61. The President and international sales division or regional office may have also constituted service PE in India for the year ending 31st March, 2002, if we treat the President and employees whose salary was reimbursed as “other personnel” who had performed services within that State for a related enterprise as defined in paragraph 1 of Article 9. Thus, at best service PE for the year ending 31st March, 2002 would have been created under Article 5(2)(l) but again there has not been thorough and detailed discussion on the nature and type of services rendered and determination on question of salary and whether the President and employees of Regional Office could be treated as ’employees or other personnel’ of the assessee.
62. The appellants had pleaded before the authorities and the Tribunal that prior to assessment year 2005-06 not even a single employee of the assessee ever visited India even for a short period and in 2005-06, two employees of e-Fund were transferred to e-Fund India and that the entire expenditure for these two employees were borne by e-Fund India. No employees were present in India after 2005-06. Presence of employees in India is relevant under Article 5(2)(l) but the said employees should furnish services within the contracting State.
These services should not be mere stewardship services. The Assessing Officer has recorded that employees were seconded to e- Fund India but the functions they performed and whether they performed functions and reported to e-Fund Corp/associated enterprise was not known or ascertained. This was not the correct way of determining and deciding whether service PE existed. Whether the seconded employees were performing stewardship services or were directly involved with the working operations was relevant. It is also not known whether the services were performed related to services provided to an associated enterprise in which case clause 5(2)(l)(ii) would be applicable. In the said situation, the question of attribution of income etc. would also arise.
63. Two employees of e-Fund Corp were deputed to e-Fund India in the assessment years 2005-06. The case of the assessee and e-Fund India is that they were deputed to look towards development of domestic work in India. Payment of these employees as per the Revenue to the extent of 25% was borne by e-Fund India and balance 75% was borne by e-Fund Corp. The Assessing Officer on this basis has observed that this reduced cost base of e-Fund India as remuneration was paid by e-Fund Corp and the said employees were at liberty to perform functions of e-Fund Corp even while working for e-Fund India. The response of the assessee as quoted in the assessment order was that e-Fund India, apart from export activities had also domestic business in India. This was evident from the return of income filed by e-Fund India where domestic income was computed separately as it was not eligible for deduction under Section 10A of the Act. Copy of the return was furnished. It was further stated that cost of personnel seconded in India was fully borne by e-Fund India i.e. 100% of the salary paid to the said employees seconded to India were debited to profit and loss accounts. 75% of the salary component was paid abroad by e-Fund Corp but the same was reimbursed by e-Fund India. This was in accordance with and permitted under the Indian Exchange Control Regulations. It was further stated that the Assessing Officer was wrong in assuming that the two seconded employees were at liberty to function for e-Fund Corp while they were working for e-Fund India. The seconded employees were working under the control and supervision of e-Fund India. The Assessing Officer thereupon has not commented on the reply of the assessee, though he has recorded comments in respect of replies to other issues raised by him (see paragraph 7 of the assessment order). The aforesaid factual assertion made by the assessee, therefore, was not negated or questioned by the Assessing Officer.

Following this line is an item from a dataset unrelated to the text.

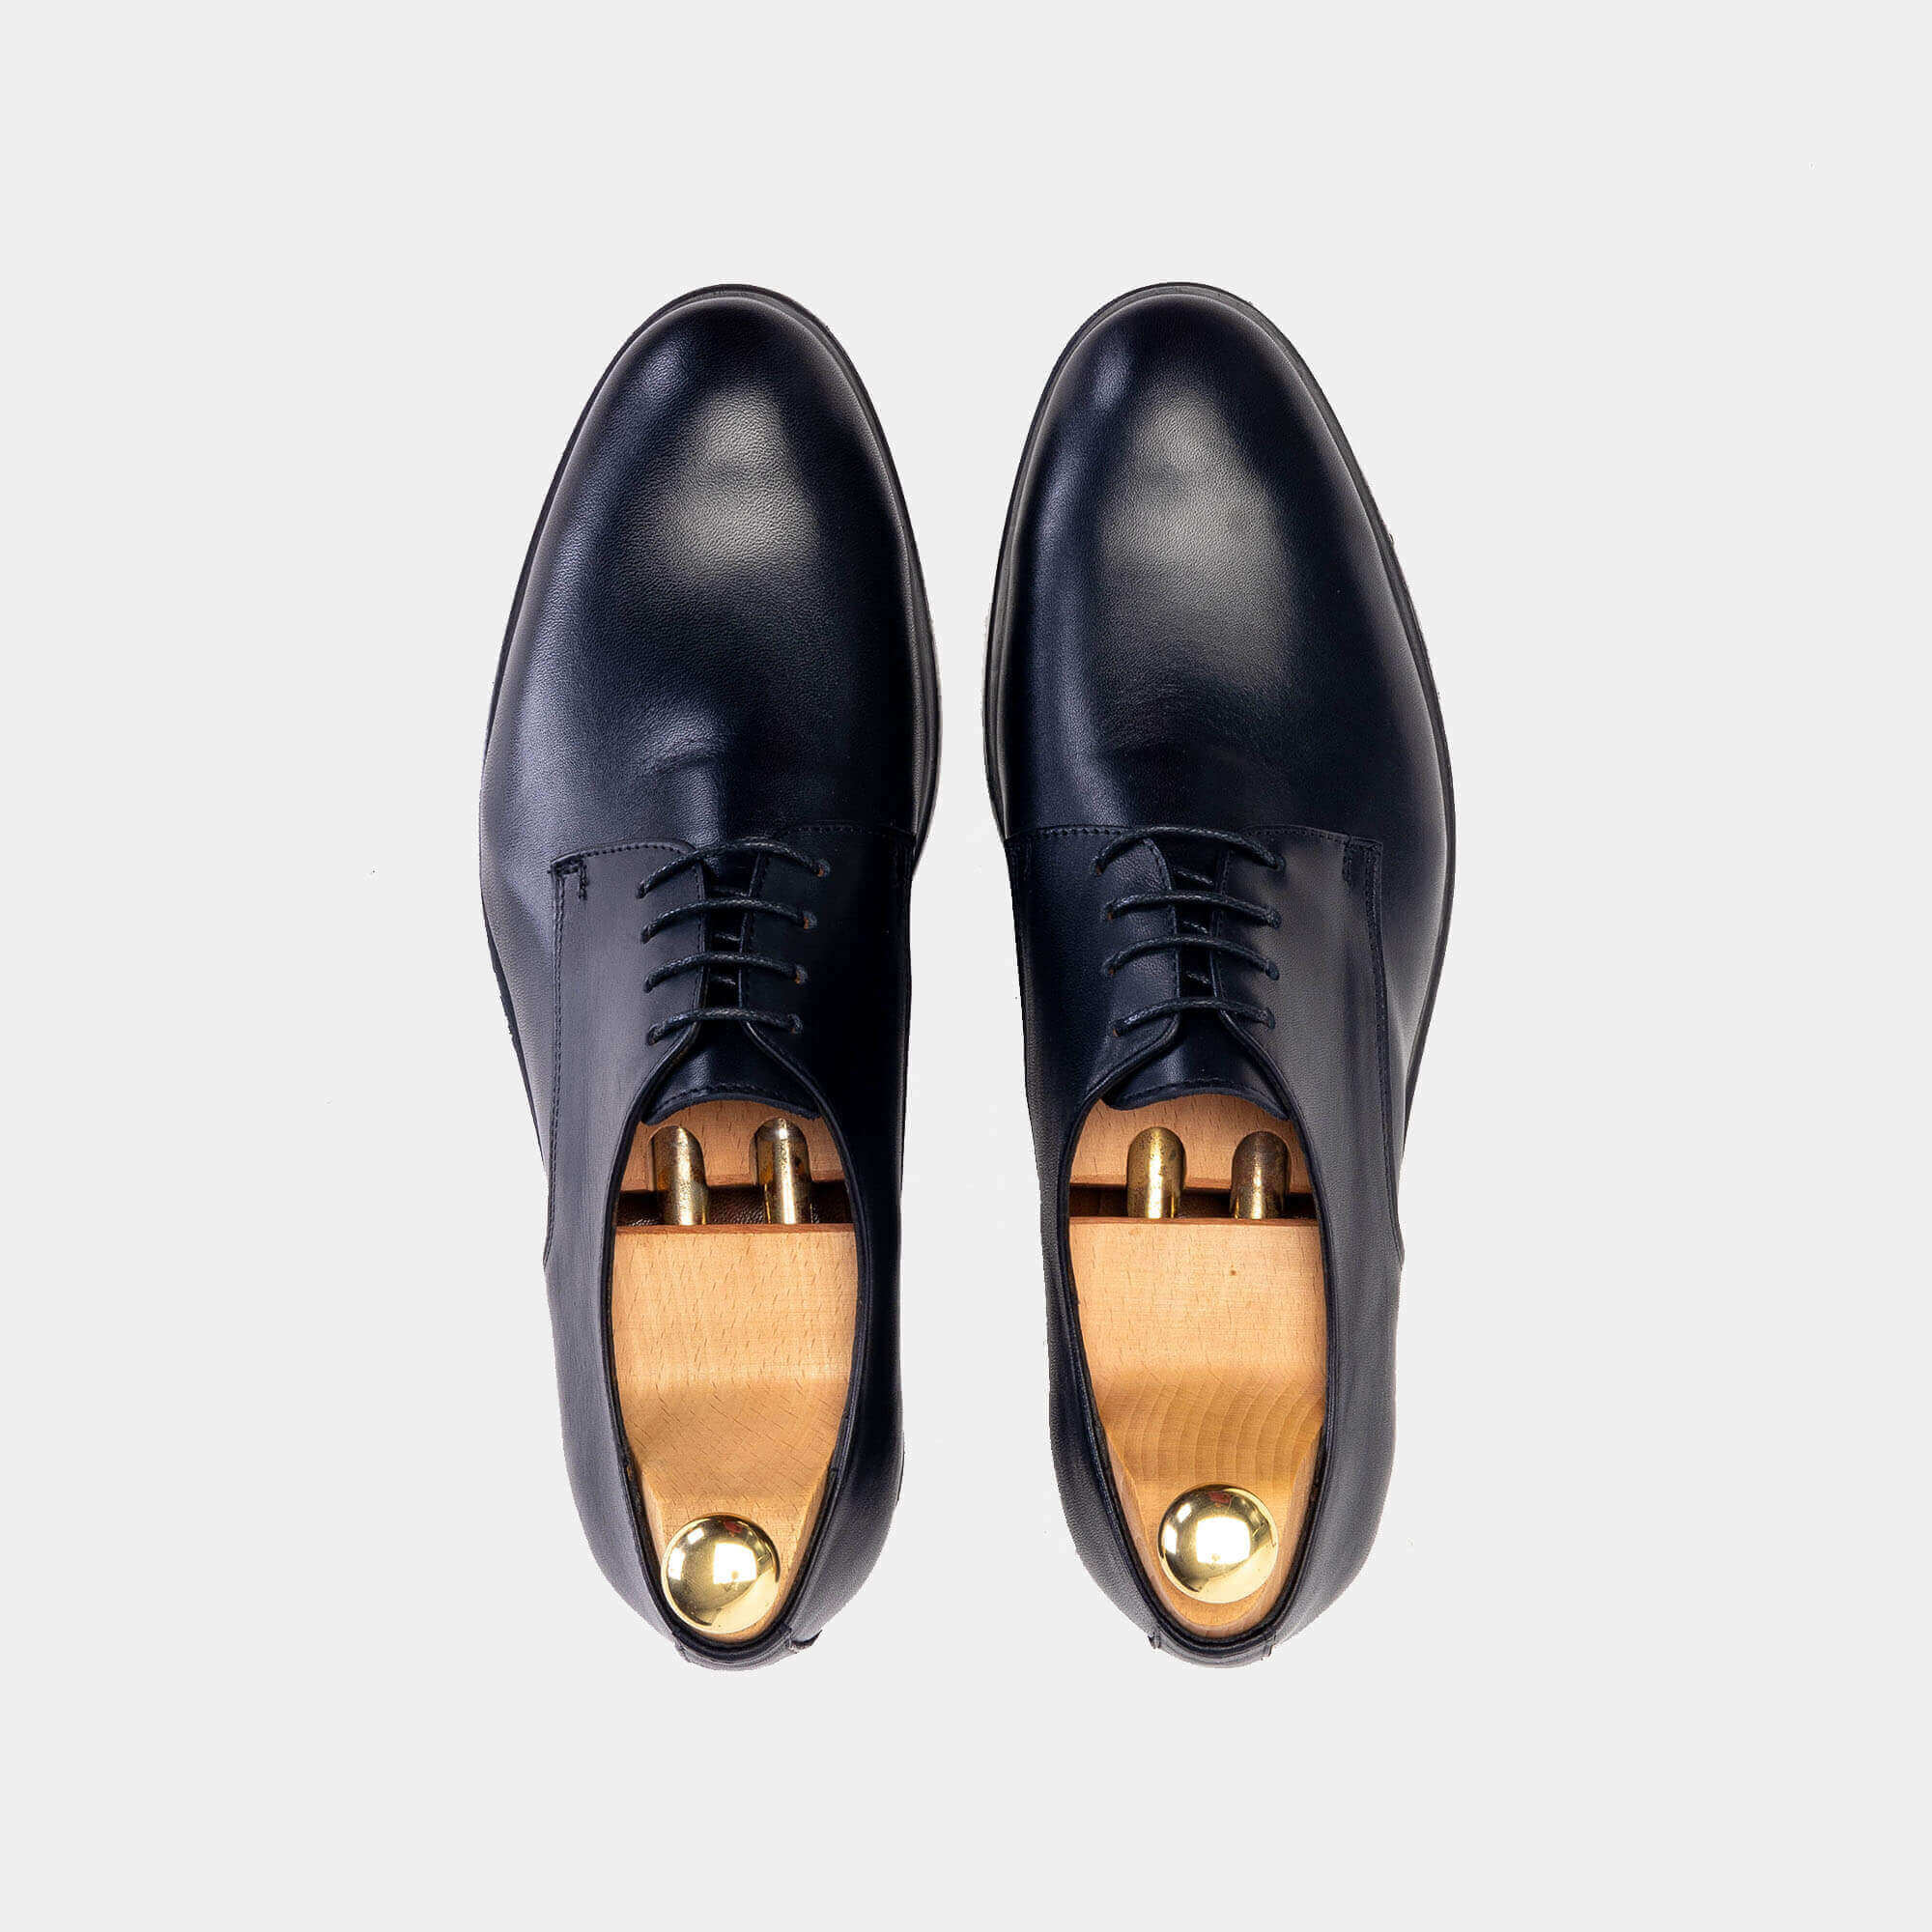 ''5122 Chaussure cuir Noir

64. Commissioner (Appeals) has referred to technical explanation to DTAA issued by the US Department of Treasury. The said explanation refers to the definition of term ‘PE’ including service PE and states as under:—
‘Sub-paragraph (1) provides the rule for determining the conditions under which the activity of furnishing services, through employees or other personnel, constitutes a PE. These rules apply only to the provision of services which are not considered to be “included services”, as the term is defined in article 12 (Royalties and Fees for included Services). Under the sub-paragraph, the furnishing of services gives rise to a PE if either the activity continues for an aggregate of more than 90 days in a twelve month period, or the services are performed for a person related to the enterprise providing the services. In the latter case, no time threshold test must be met for a PE to exist. The determination of whether persons are related for purposes of this test is made in accordance with the rules of article 9 (Associated Enterprises).’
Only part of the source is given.